→ Activity:
Take the lines in the listing below from the line with "Più grandi filosofi" up to and including the line with "Набор горшков для" and set them down exactly, skipping pictures and adding nothing.

→ Dataset extract:
• • • •

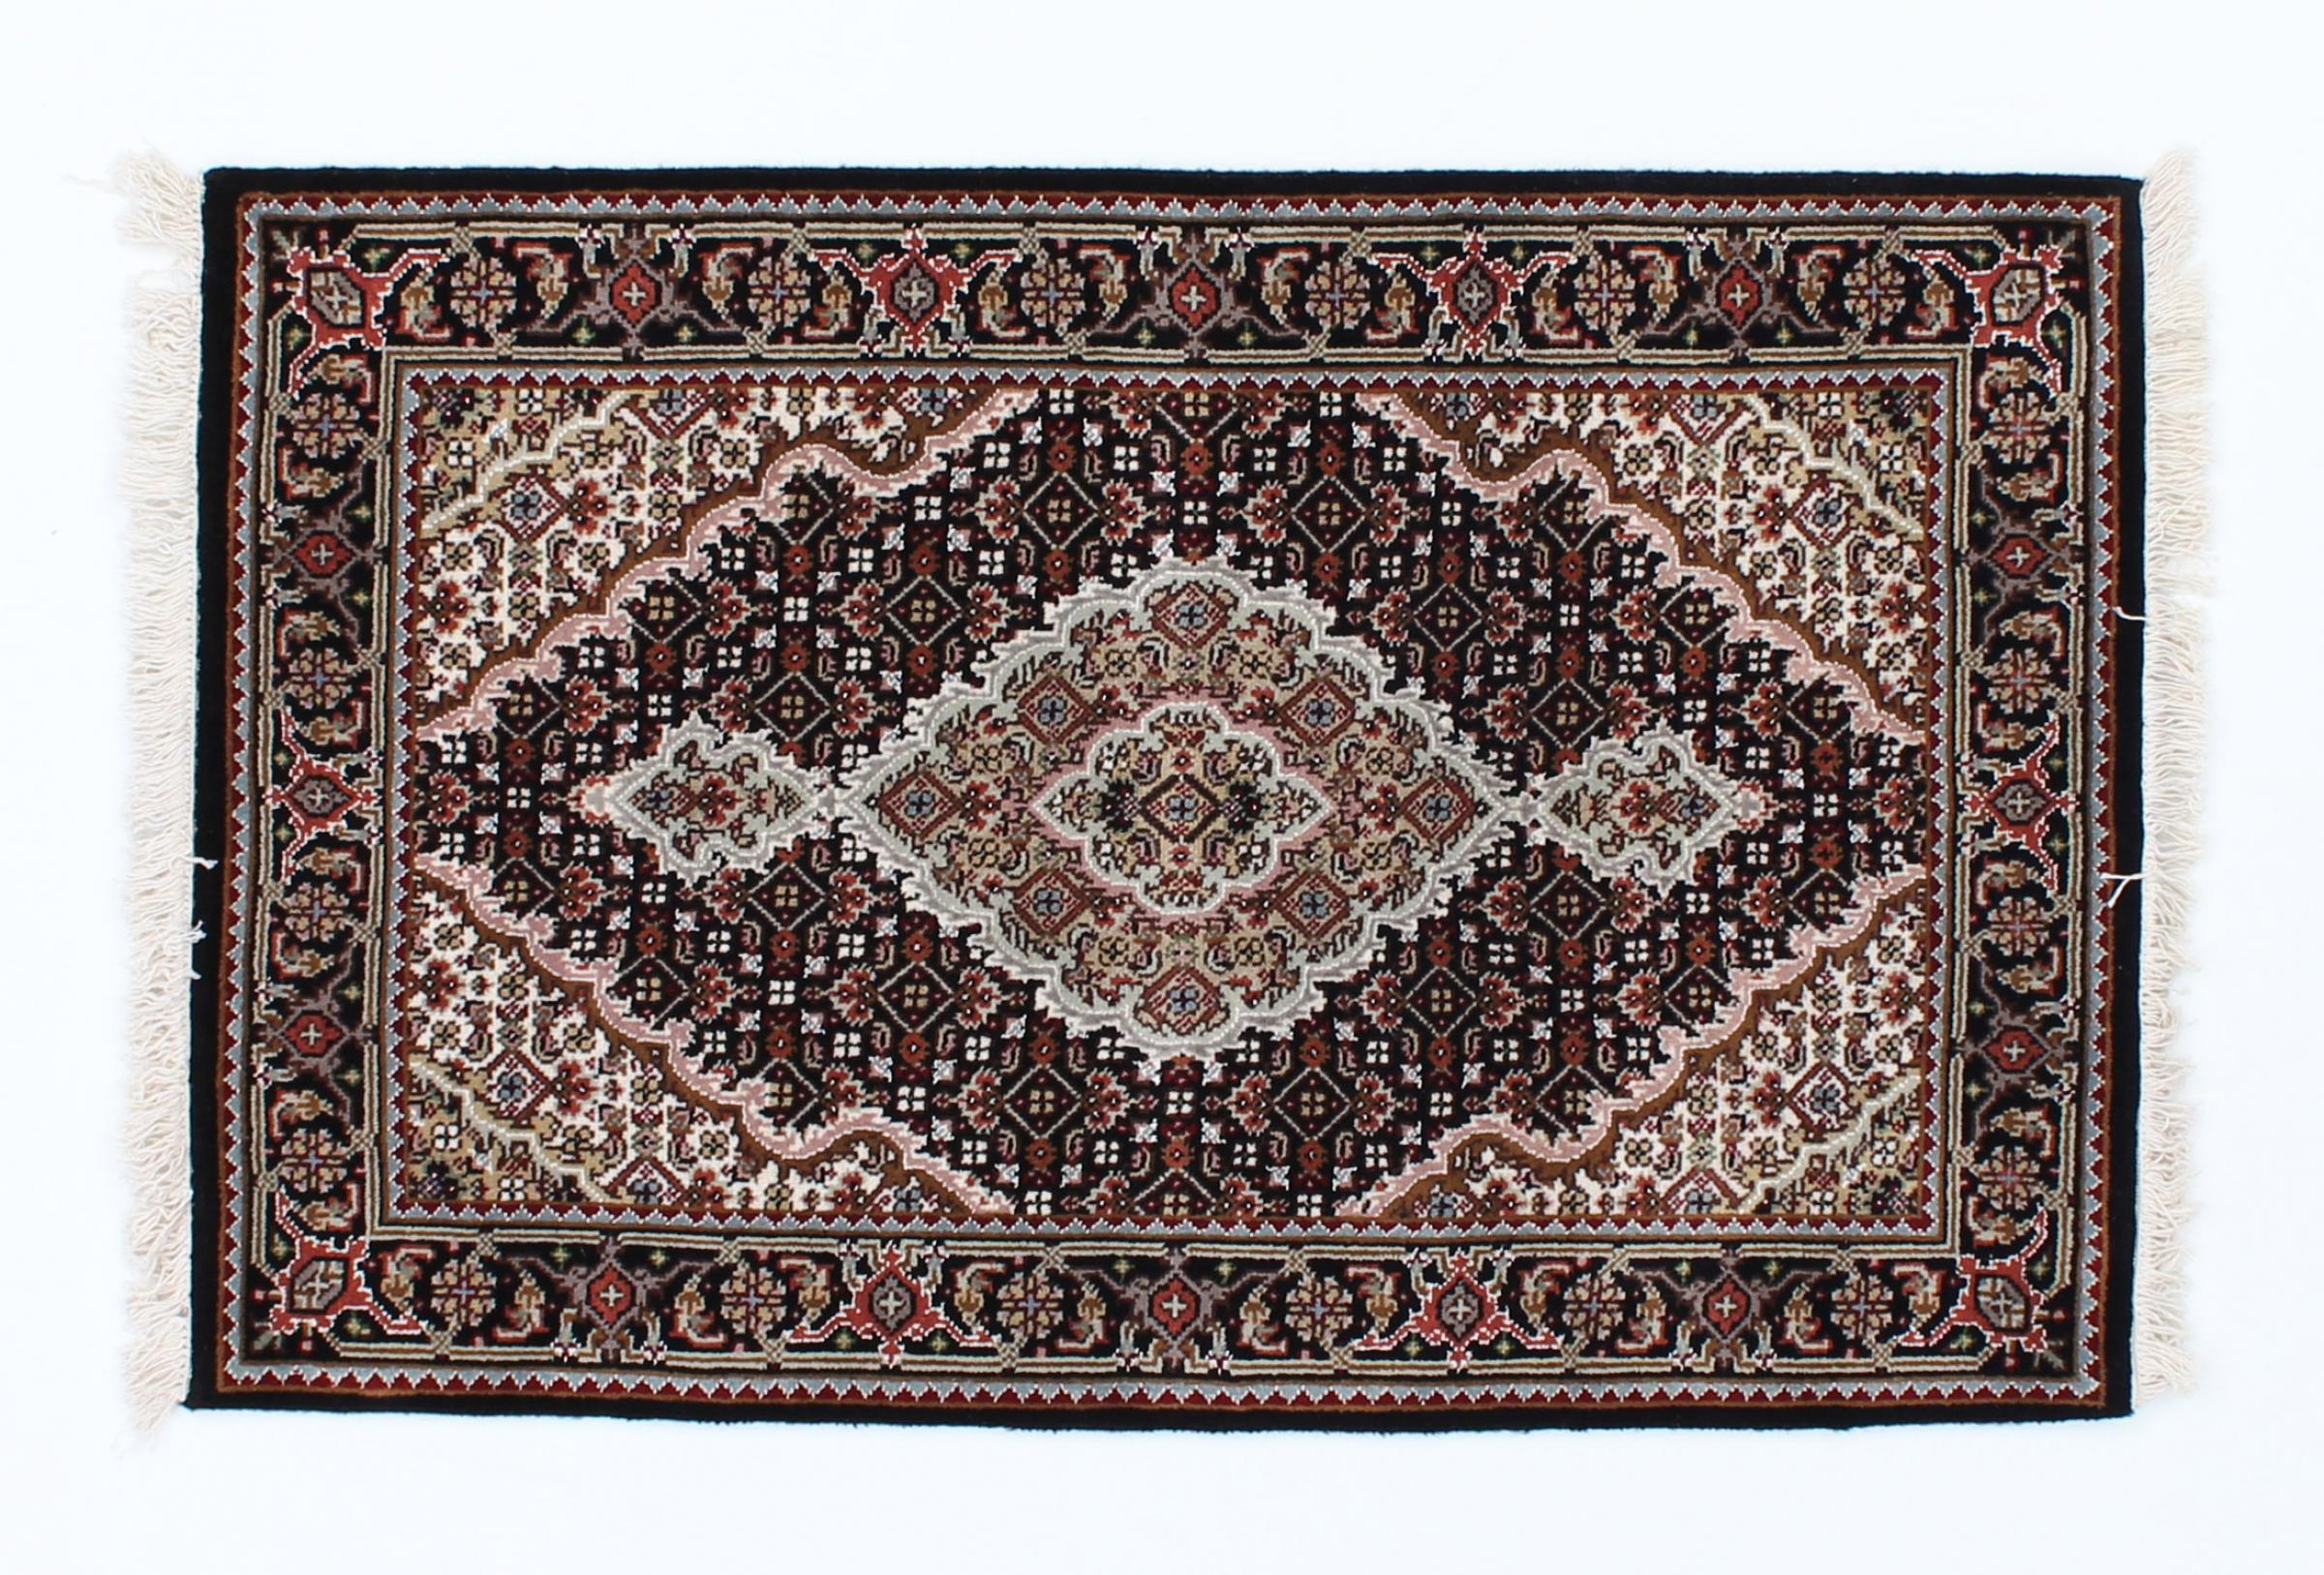 indo t briz indischer teppich 122x80 id23773 kaufen sie ihren orientteppich i 120x80 bei. Black Bedroom Furniture Sets. Home Design Ideas
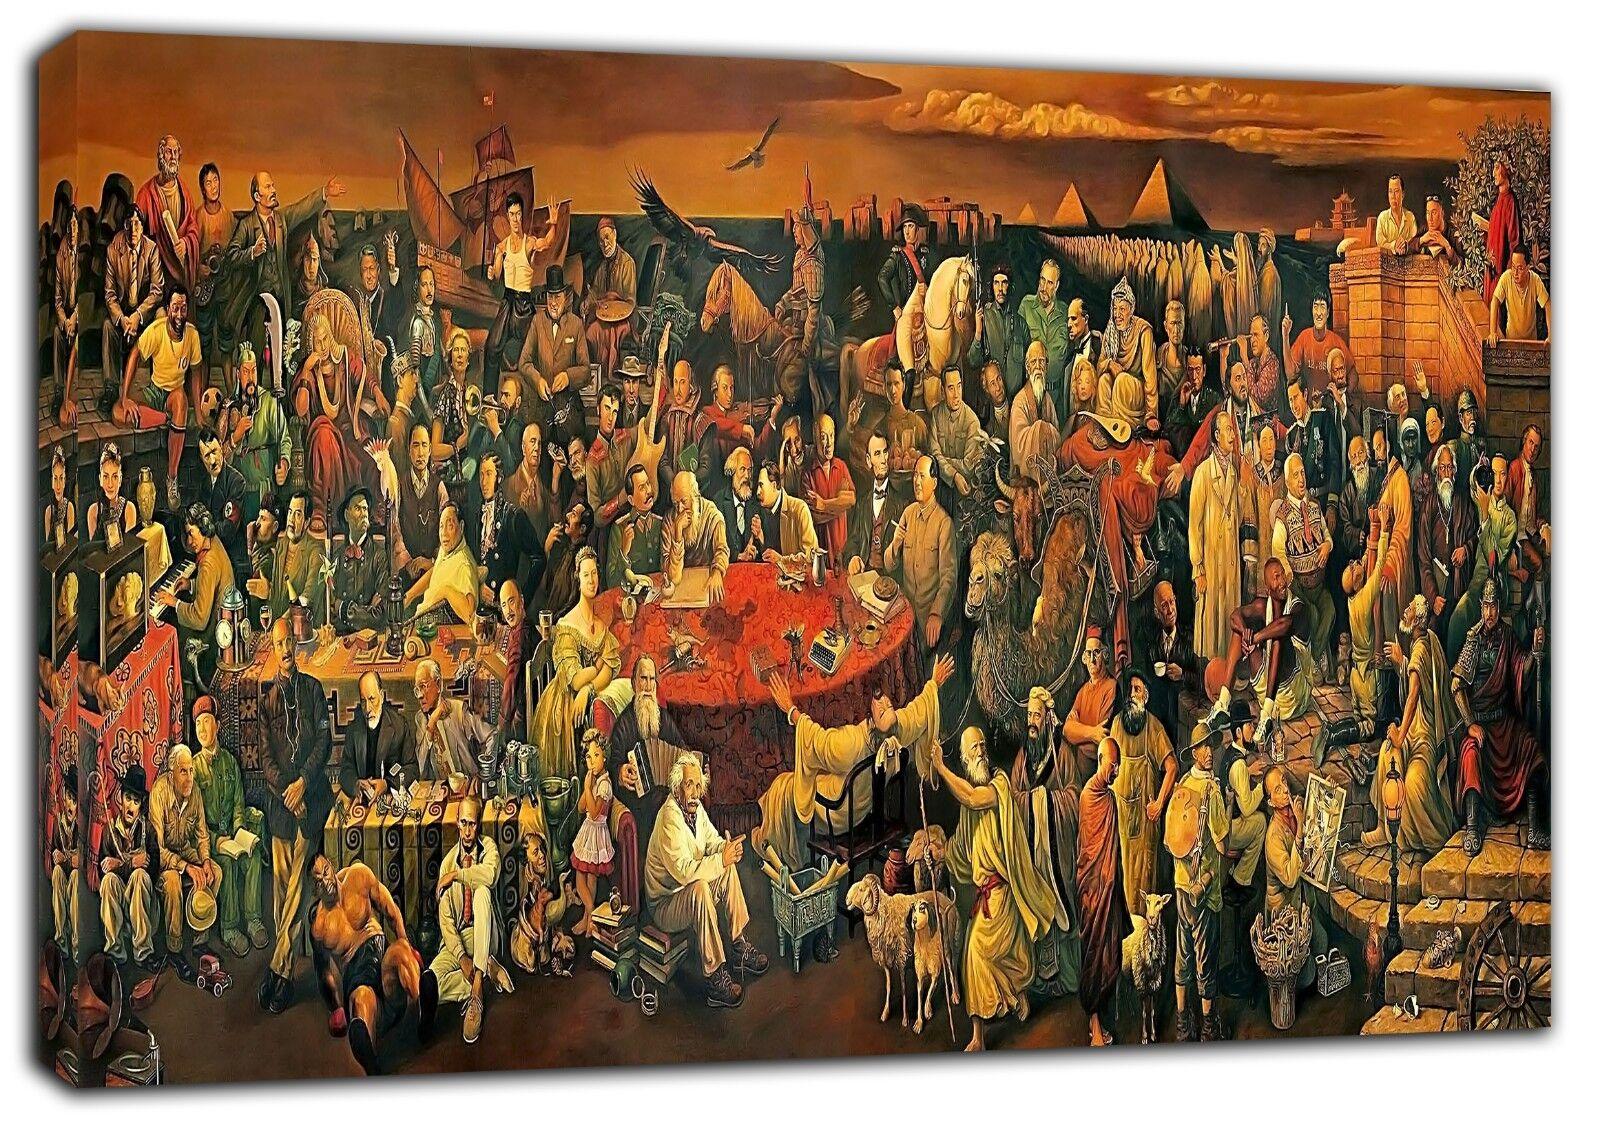 Più grandi filosofi foto foto foto con Stampa Su Tela Incorniciato Wall Art Decoration e30a08
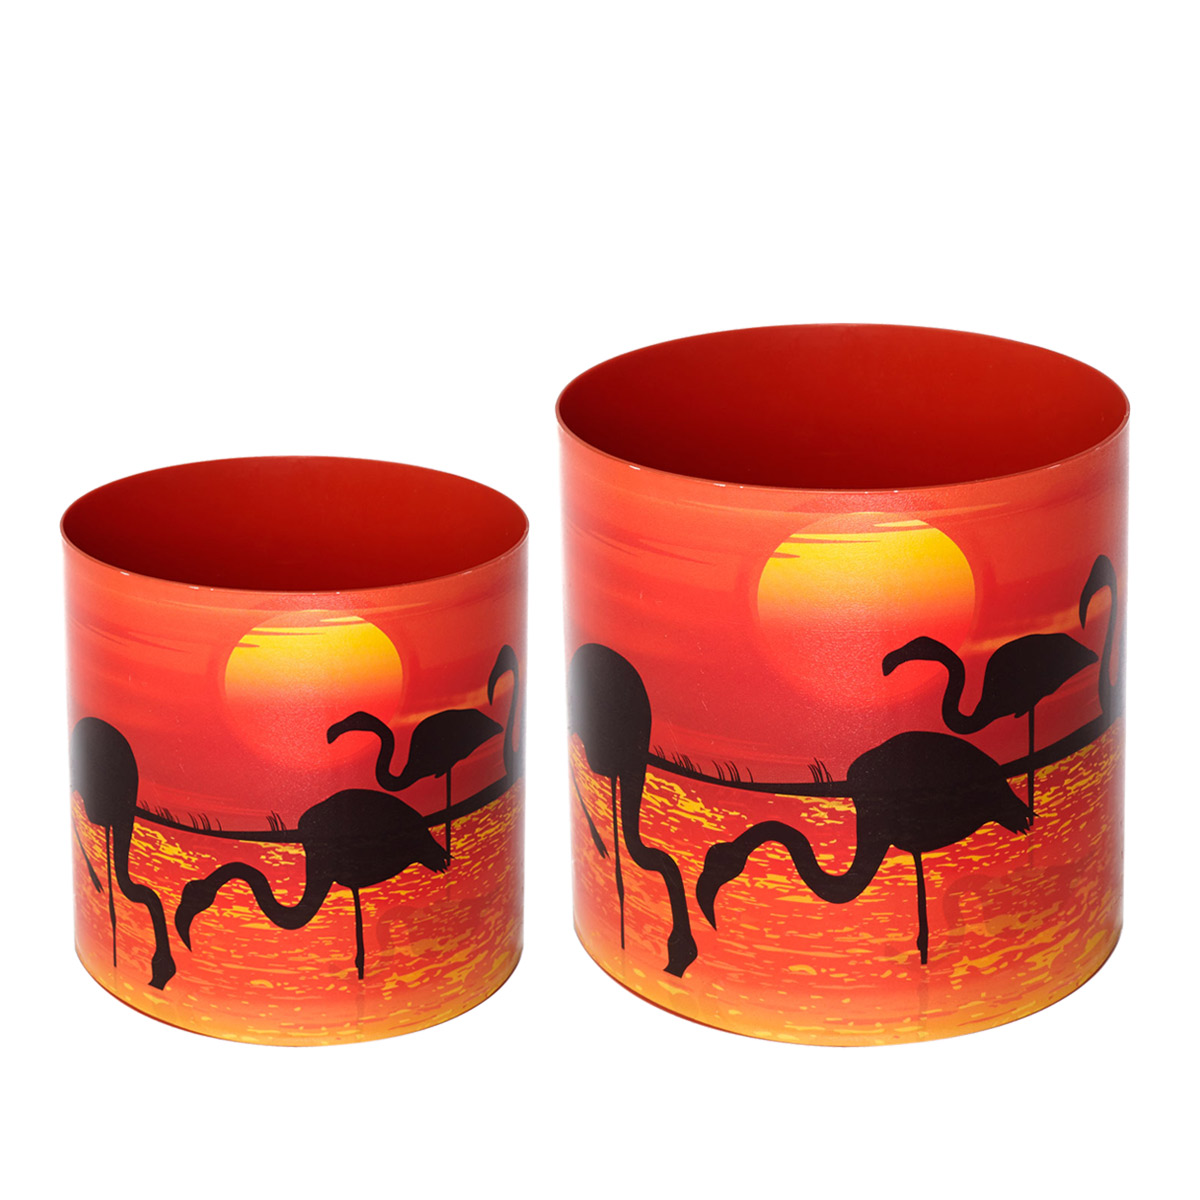 Набор горшков для цветов Miolla Фламинго, со скрытым поддоном, 2 предметаSMG-SET2Набор Miolla Фламинго состоит из 2 горшков со скрытыми поддонами. Горшкивыполнены из пластика и декорированы красочным рисунком. Изделия предназначены для цветов. Изделия оснащены специальными скрытыми поддонами.Объем горшков: 1 л, 1,7 л.
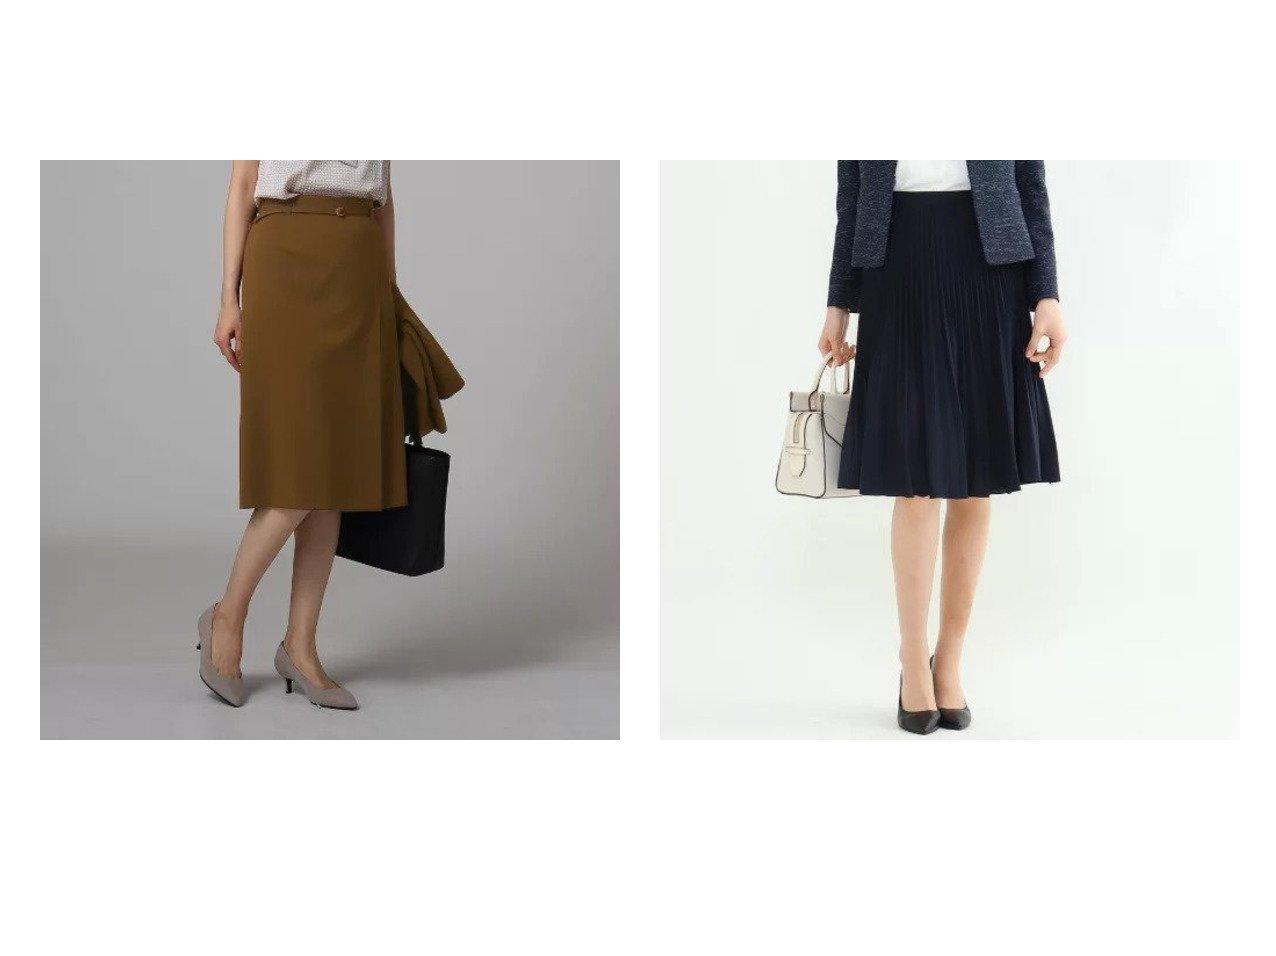 【UNTITLED/アンタイトル】の【洗える】KWTタックストレートスカート&【INDIVI/インディヴィ】のプリーツデシンスカート スカートのおすすめ!人気トレンド・レディースファッションの通販 おすすめで人気のファッション通販商品 インテリア・家具・キッズファッション・メンズファッション・レディースファッション・服の通販 founy(ファニー) https://founy.com/ ファッション Fashion レディース WOMEN スカート Skirt シンプル スタイリッシュ スリット ベーシック ポケット ミモレ エアリー ドレープ プリーツ |ID:crp329100000007269

• • • •

→ Solution:
 Più grandi filosofi foto foto foto con Stampa Su Tela Incorniciato Wall Art Decoration e30a08
 Набор горшков для цветов Miolla Фламинго, со скрытым поддоном, 2 предметаSMG-SET2Набор Miolla Фламинго состоит из 2 горшков со скрытыми поддонами. Горшкивыполнены из пластика и декорированы красочным рисунком. Изделия предназначены для цветов. Изделия оснащены специальными скрытыми поддонами.Объем горшков: 1 л, 1,7 л.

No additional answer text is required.